Because of their native environment, the cattle are very hardy and can survive the Scottish winters, which are often harsh, with snowfall and storms. Cows weigh about 550 kg and bulls some 850 kg. Bulls may be used on dairy cows to produce a beef calf. The cattle are naturally polled and may be either black or red. They reach maturity earlier than some other native British breeds such as the Hereford or North Devon. The cattle have a large muscle content and are regarded as medium-sized. In Japan the meat is prized for its marbling. Among the recessive genetic defects that can affect the cattle are: arthrogryposis multiplex ("curly calf"); neuropathic hydrocephalus ("water head"); contractural arachnodactyly or "fawn calf syndrome"; dwarfism; osteoporosis; and notomelia.

== Use ==

The Aberdeen Angus is reared principally for beef. Bulls are used extensively as terminal sires on cows of other breeds – particularly dairy breeds – to produce cross-bred beef calves. The meat can be marketed as superior due to its marbled appearance. Bulls can also be used to transmit characteristics including the polled gene (for ease of handling) and – with the aim of lowering the incidence of dystocia – the easy calving of cows.

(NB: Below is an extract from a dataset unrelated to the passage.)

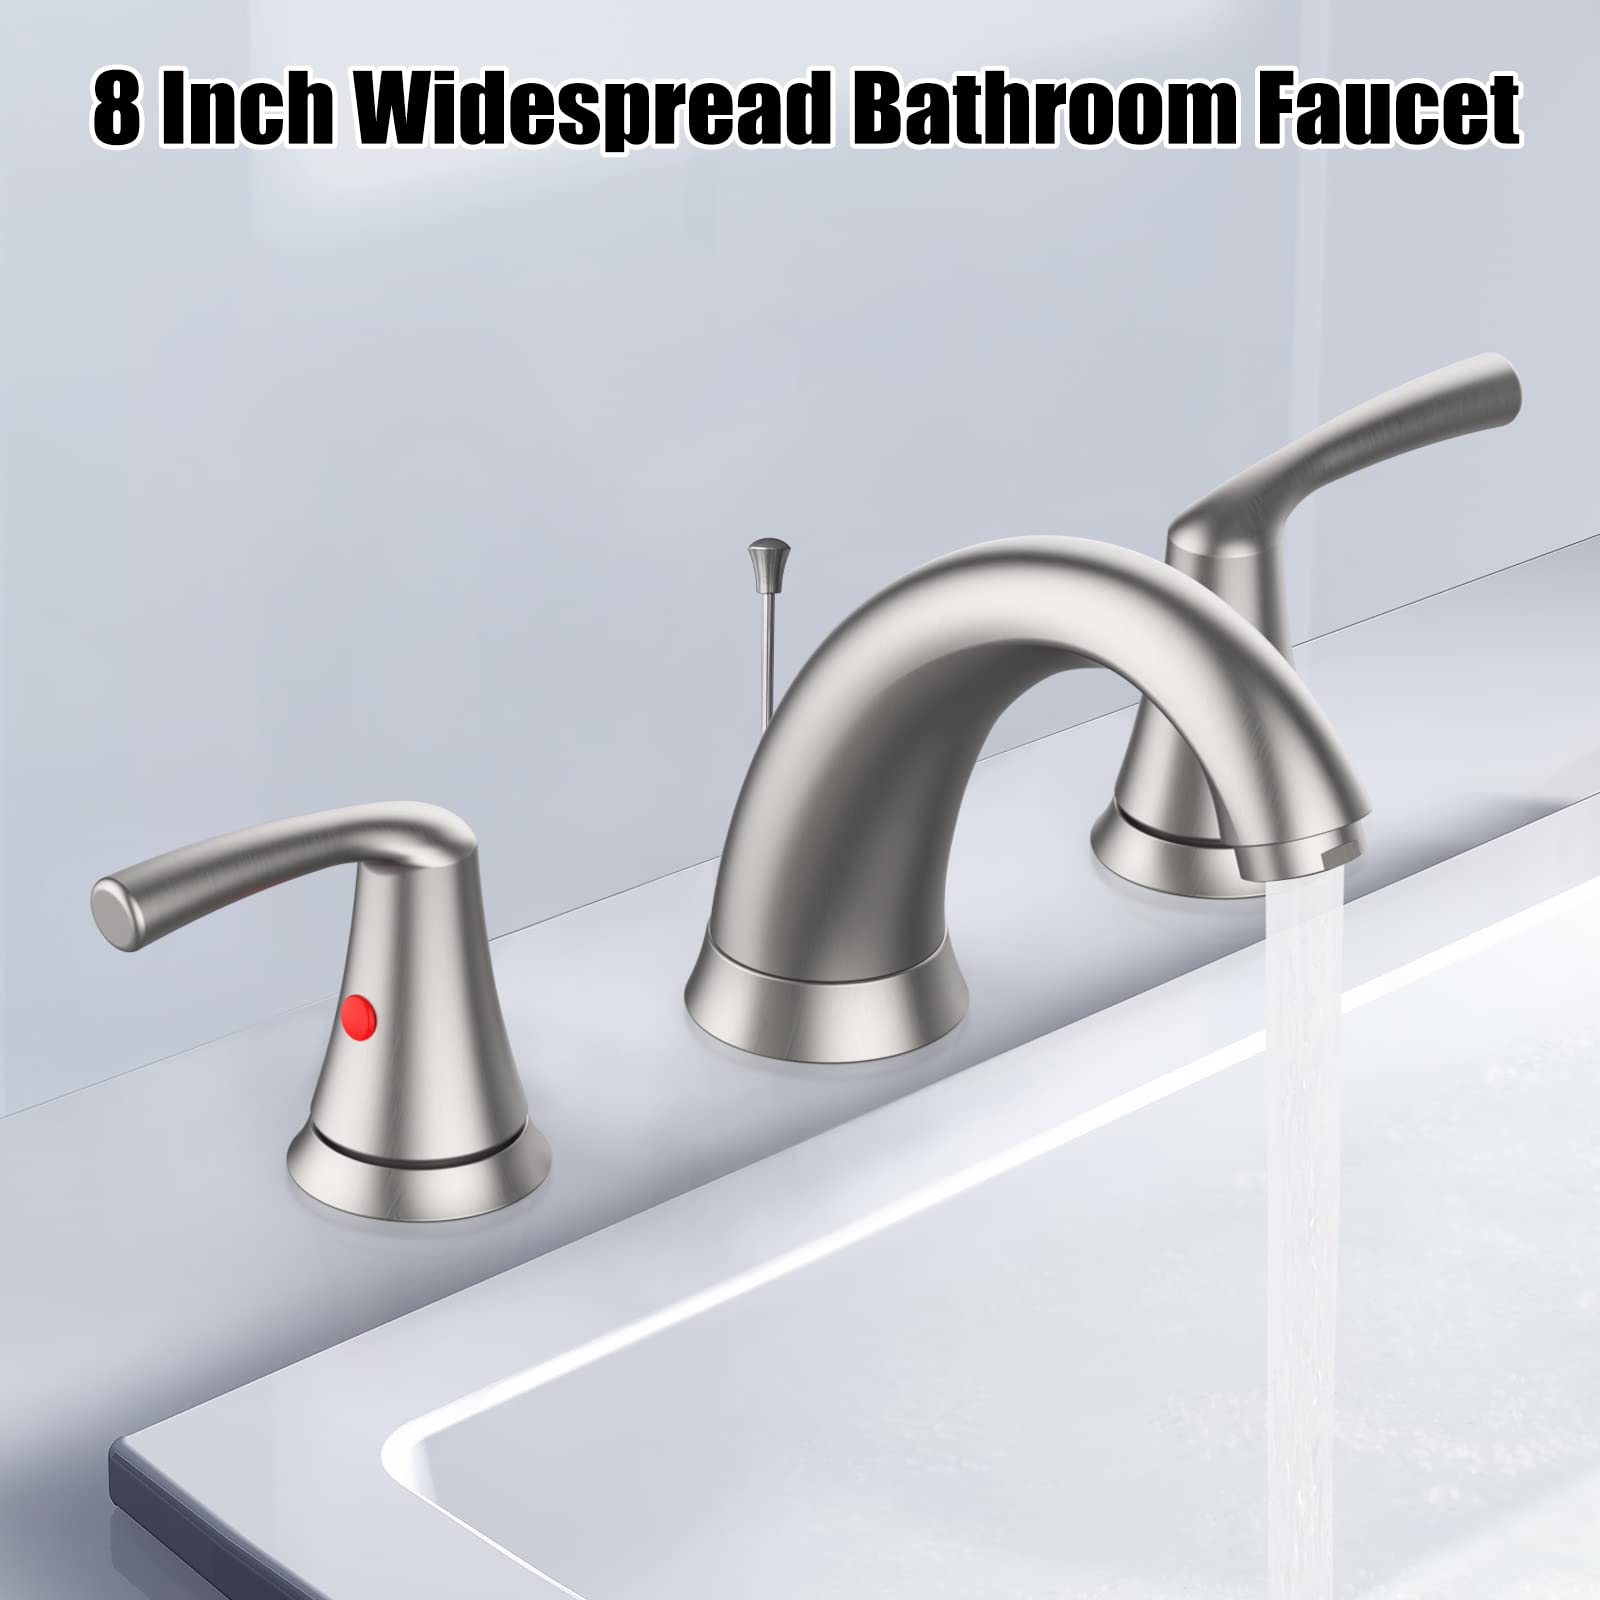 Bathroom Faucet 3 Hole 8 Inch Widespread Bathroom Faucet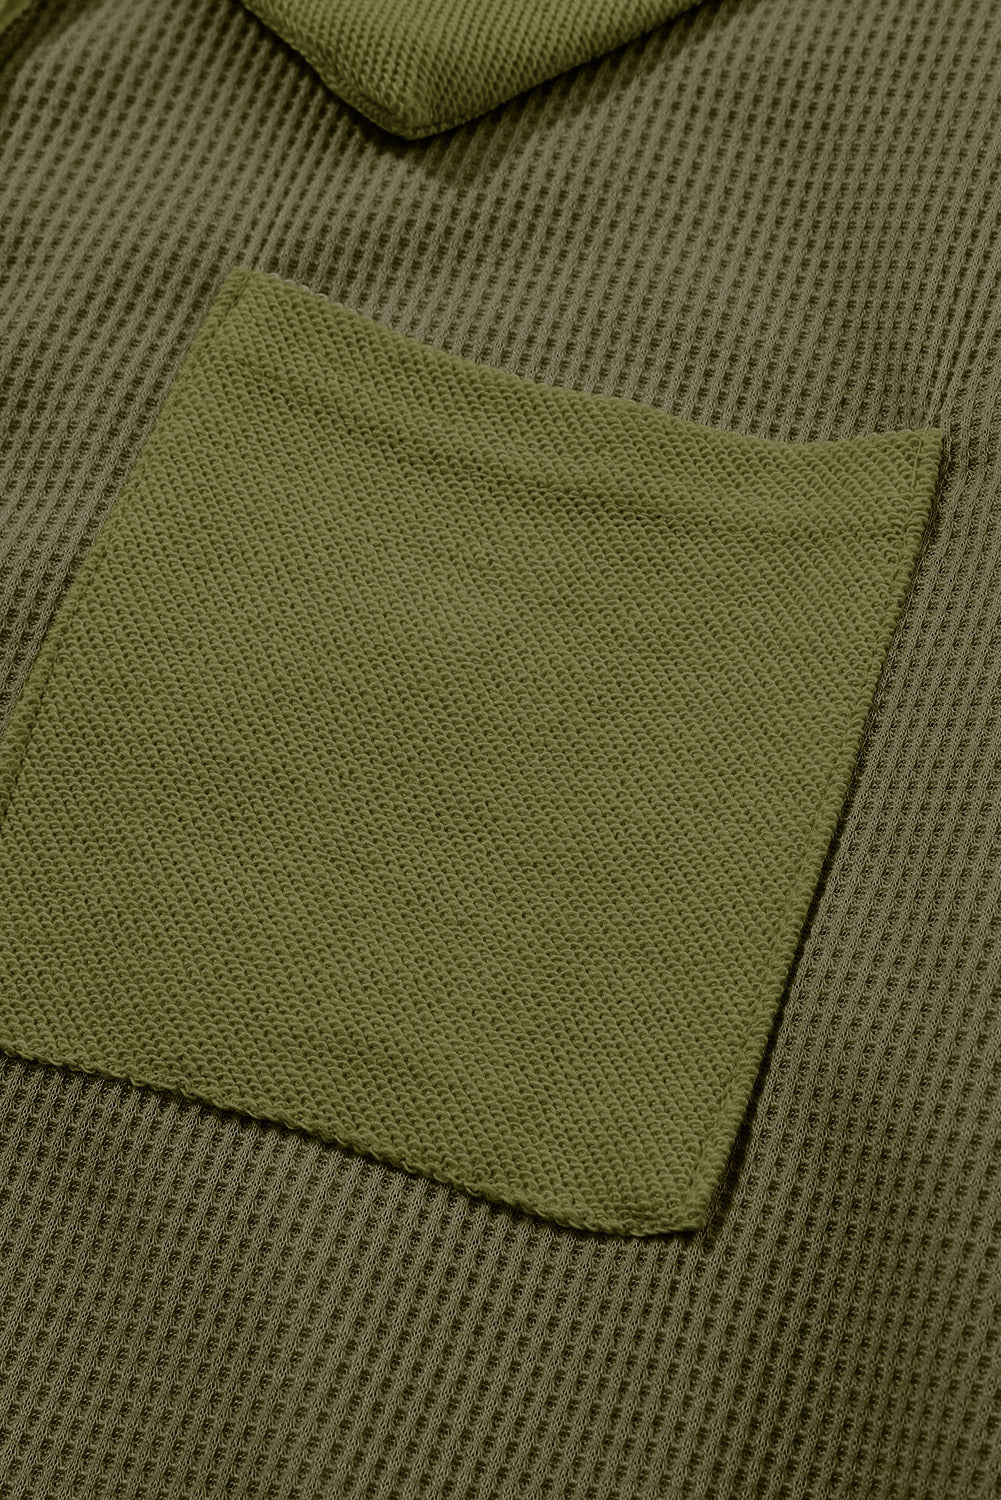 Haut boutonné à manches longues en tricot gaufré vert

Many modern breeds derive from the Aberdeen Angus or from its American derivatives, the American Angus and Red Angus of the United States. Among those created by cross-breeding are: the Murray Grey and Wokalup of Australia; the Ibagé (with Nelore) of Brazil; the Pee Wee of Canada; the Romosinuano (with Costeño con Cuernos) of Colombia; the Jamaica Black (with Brahman); the Japanese Polled (with indigenous Japanese cattle); the Afrigus (with Afrikaner) of South Africa; the Volynsk and Znamensk of Ukraine; and the Africangus (with Afrikaner), the Amerifax (with Beef Friesian), the Barzona (with Afrikaner, Hereford and Santa Gertrudis), the Brangus (with Brahman), the Holgus (with Holstein) and the Regus (Red Angus × Hereford) of the United States The Australian Lowline is not a cross-breed but the unexpected result of a research experiment using only Aberdeen Angus stock.